El Silencio interior, que es la plenitud de la Oración Mística y que entraña perdón de toda ofensa, porque no hay unidad posible sin perdón, sin olvido del daño recibido o provocado: Y el perdón es don que viene de lo alto, y hay que pedirlo insistentemente con fe y humildad.

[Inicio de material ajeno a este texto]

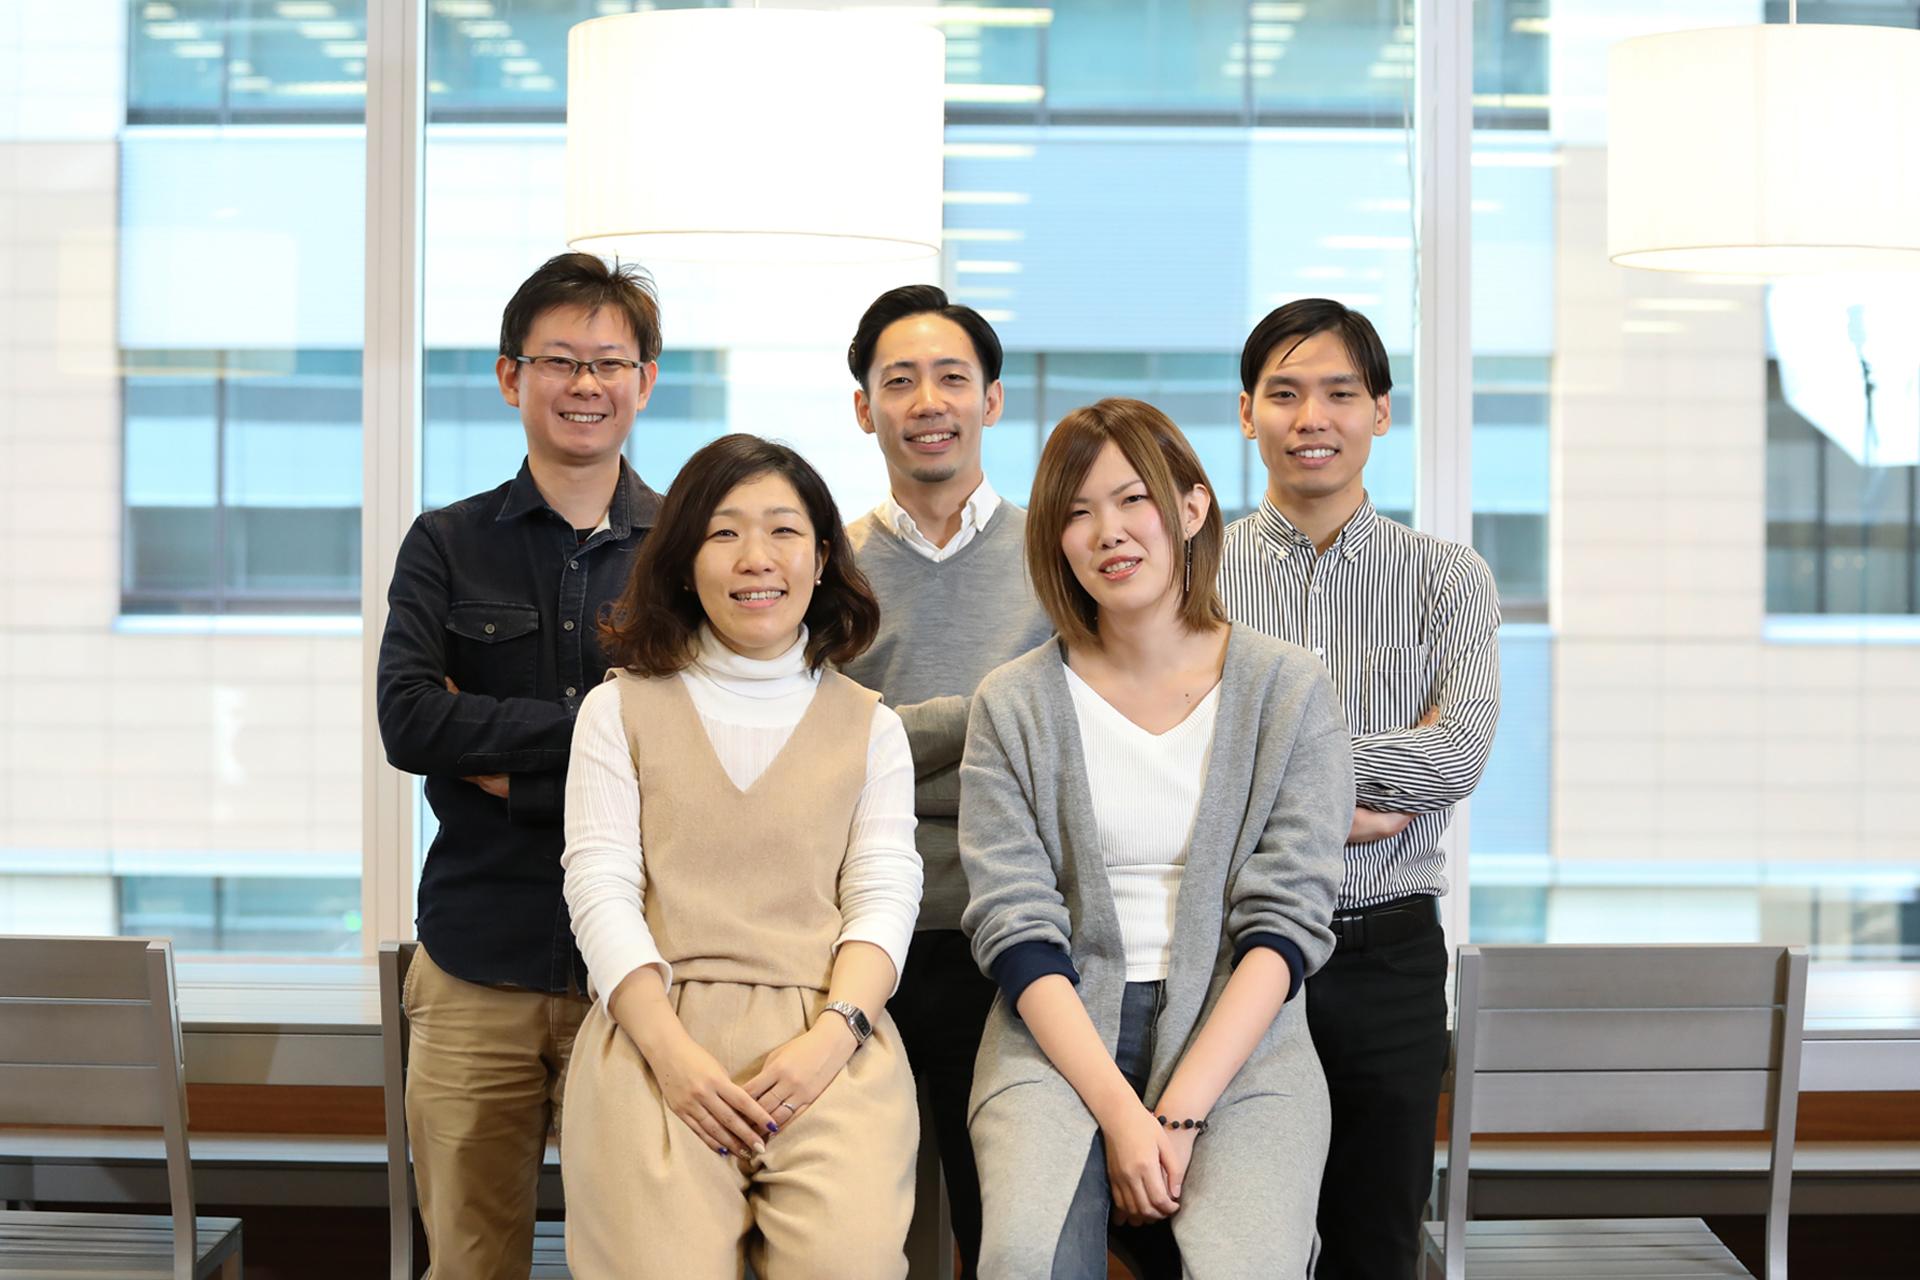 人のパフォーマンス、可能性を引き出す『HITO-Link』<br>新規開発プロジェクト

Nuestra Contemplación orante la vivimos también en el Amor incondicional de Dios. Un Amor con rasgos maternos y paternos, pero, sobre todo, un AMOR ESPONSAL característico de los Místicos de todos los tiempos, que es transformación sustancial en el Amado... Que es un mirarse, un contemplarse recíproco que "recrea y enamora", a decir de San Juan de la Cruz. Una fusión perfecta de dos Energías -humana y divina- en una sola: divina.

Y también nuestra contemplación se expresa en el Amor Cósmico, que trasciende y abarca todo el Universo. Amor Cósmico que en la Mística se expresa en símbolos en donde se armonizan la Mística y la Profecía , la adoración y el Compromiso.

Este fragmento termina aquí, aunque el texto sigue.